Also there are a lot of flyers in my area,and if we see strange birds flying,droppers are coming out to try to lure the bird to come down.


----------



## g0ldenb0y55 (Dec 23, 2008)

Birdman79 said:


> Also there are a lot of flyers in my area,and if we see strange birds flying,droppers are coming out to try to lure the bird to come down.


That's what we did when I was growing up in the Philippines! 

Here not so much. Racing homers here are to darn smart.


----------



## Birdman79 (Aug 9, 2007)

Yeah we don't bother with the racers too slick.There's a guy that races his birds good 1/8 of a mile from us.He's got a nice 20+ bird team that routes and they'll usually fly towards who's ever's flying their birds ,mostly tumblers.

They sometimes loose birds to the racers.


----------



## MaryOfExeter (Sep 30, 2007)

Ah  I didn't know tipplers where trained that way.

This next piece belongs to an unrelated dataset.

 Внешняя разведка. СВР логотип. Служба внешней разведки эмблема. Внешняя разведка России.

Mine know to eat when I call them, since the droppers are only used here on race day.


----------



## g0ldenb0y55 (Dec 23, 2008)

Birdman79 said:


> Yeah we don't bother with the racers too slick.There's a guy that races his birds good 1/8 of a mile from us.He's got a nice 20+ bird team that routes and they'll usually fly towards who's ever's flying their birds ,mostly tumblers.
> 
> They sometimes loose birds to the racers.


Lol, my birds have brought back a roller or 2 before....


----------



## pattersonk2002 (Jun 1, 2008)

*droppers*



MaryOfExeter said:


> Ah  I didn't know tipplers where trained that way. Mine know to eat when I call them, since the droppers are only used here on race day.

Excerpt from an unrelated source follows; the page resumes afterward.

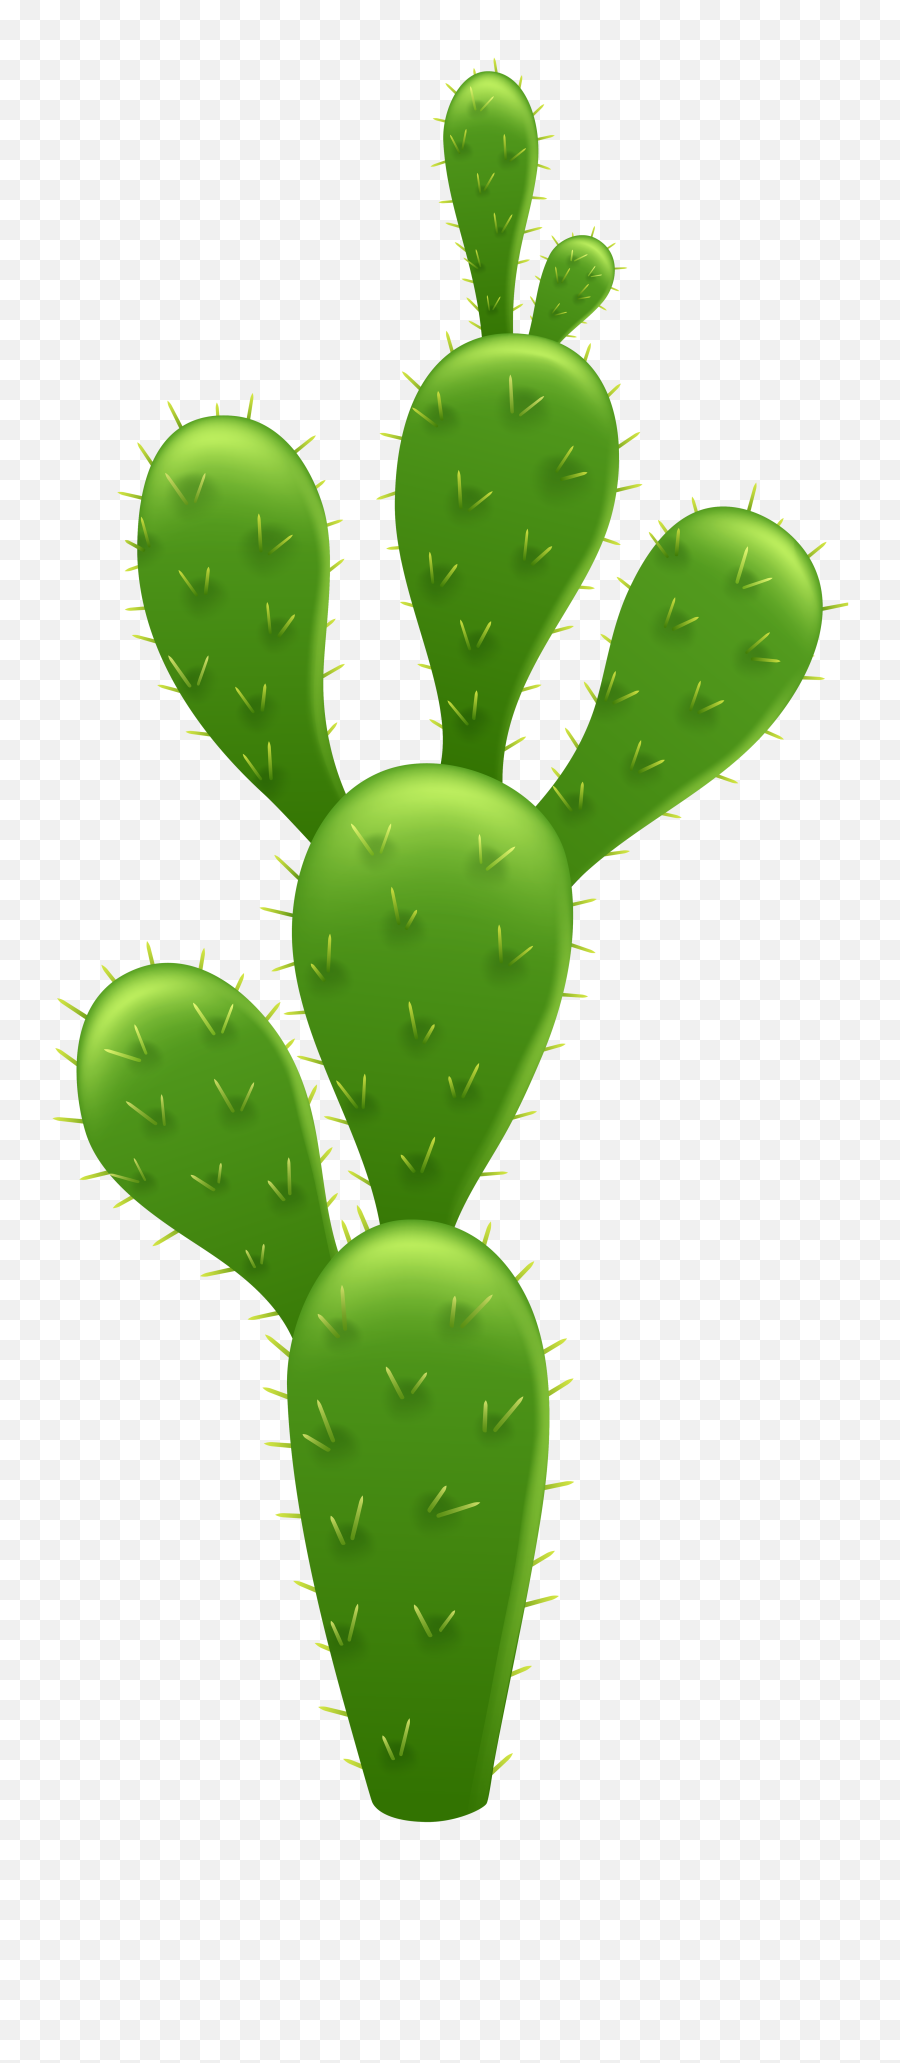 Cactus Clipart - Transparent Background Cactus Clipart Png,Cactus Clipart Png

 Yes tipplers, Iranian and serbian high flyers for a few use droppers to bring there birds down and for the very reason you mentioned. I still don't see why you could not use a cloth or have a shirt floresent orange to associate with food and safty. I am going to try this. I am not comfertible with putting a bird in danger as a sitting duck, if one of my birds gets hit on the way down then so be it, I would only feel half as bad then feeding them to a hawk on purpose >Kevin


----------



## MaryOfExeter (Sep 30, 2007)

Quite a few people do flag their birds down when it's time to eat  Usually an orange or red old shirt or cloth attached to a pole that they wave around.


----------



## sreeshs (Aug 16, 2009)

MaryOfExeter said:


> Quite a few people do flag their birds down when it's time to eat  Usually an orange or red old shirt or cloth attached to a pole that they wave around.


We used an old blue t-shirt tied to a long pole as the landing signal, I think the pigeons got accustomed to the action of waving the cloth on pole, because they did follow when the color was changed to yellow. Interestingly it was the same pole which was used to wave at the lazy ones to start them flying  (by the way the blue t-shirt was not at all blue when it got changed  it was close to brown with dust)


----------